Savvy marketers promoted baseball
However much Americans enjoyed playing cricket, the sport never developed the kind of infrastructure that leads to a mass fan base: frequent matches with large crowds and intense rivalries. Baseball, however
. . . was later blessed by a cadre of brilliant entrepreneurs determined to make it the “nation’s pastime.” One such person was A. G. Spalding, star player, manager, league organizer, and sports manufacturer. To call Spalding an impresario or a marketing genius would be a bit of an understatement. He engaged in every part of the game, from promoting star players and intercity rivalries to squelching nascent efforts at labor organization among players.
Savvy marketers disparaged cricket as effeminate
Spalding was pretty scathing in his depiction of cricketers. He wrote in 1911:
I have declared that Cricket is a genteel game. It is. Our British Cricketer, having finished his day’s labor at noon, may don his negligee shirt, his white trousers, his gorgeous hosiery and his canvas shoes, and sally forth to the field of sport, with his sweetheart on one arm and his Cricket bat under the other, knowing that he may engage in his national pastime without soiling his linen or neglecting his lady
A baseball player, on the other hand, is manly:
When he dons his Base Ball suit, he says good-bye to society, doffs his gentility, and becomes—just a Ball Player! He knows that his business now is to play ball, and that first of all he is expected to attend to business. . .

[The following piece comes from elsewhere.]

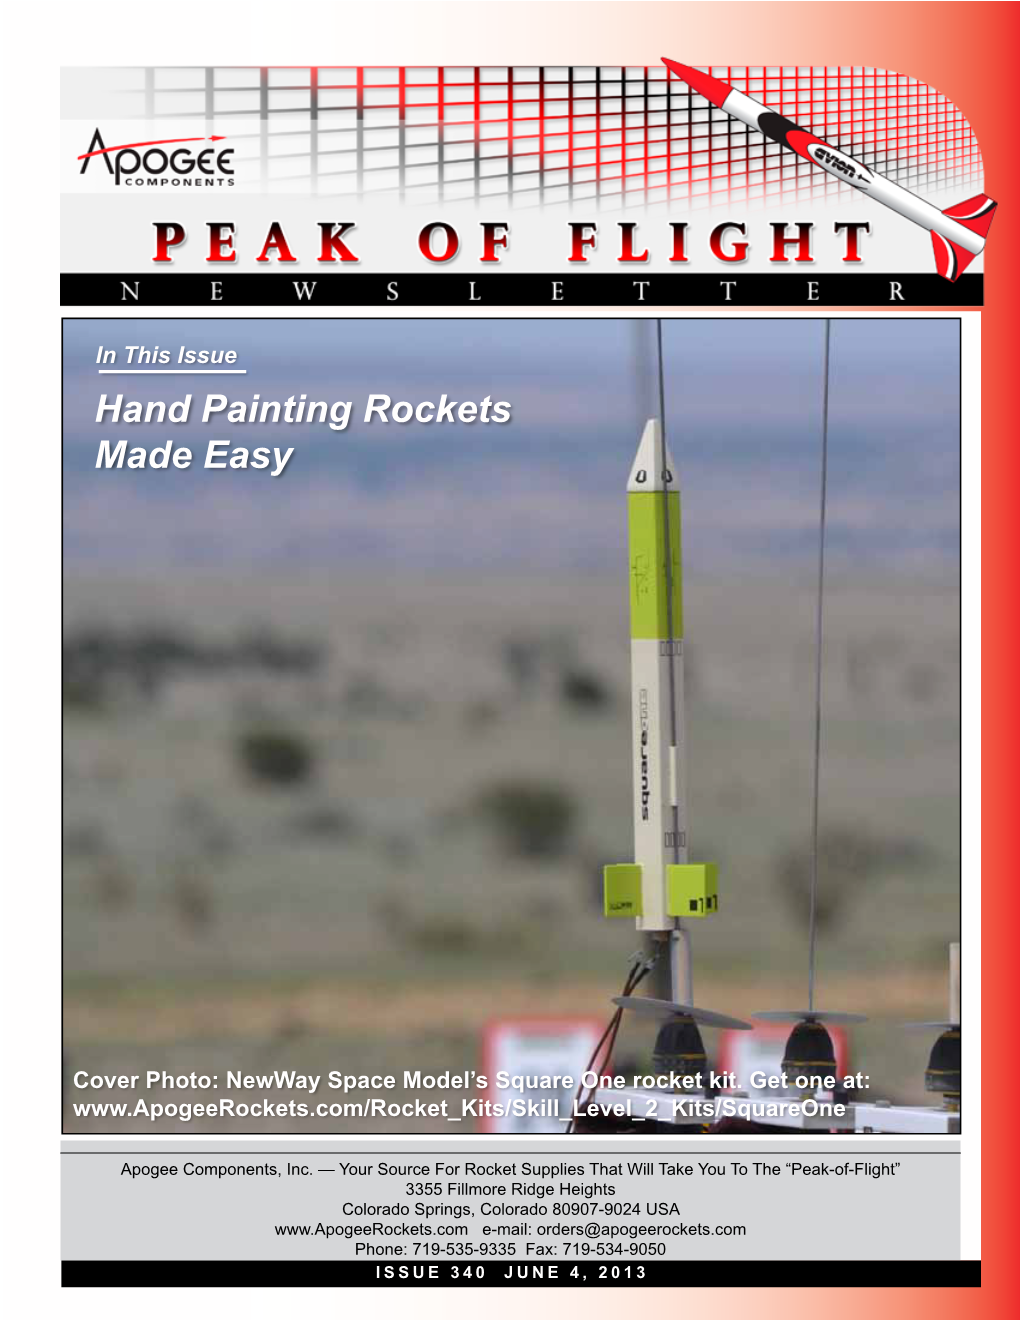 Hand Painting Rockets Made Easy

And just in case Spalding was too subtle above, he repeats one more time that America:England::Manly:Effeminate.
Cricket is a gentle pastime. Base Ball is War! Cricket is an Athletic Sociable, played and applauded in a conventional, decorous and English manner. Base Ball is an Athletic Turmoil, played and applauded in an unconventional, enthusiastic and American manner.
The end result? "By the eve of the First World War very few were still alive who could recall the days when cricket had a chance to become America’s national pastime.”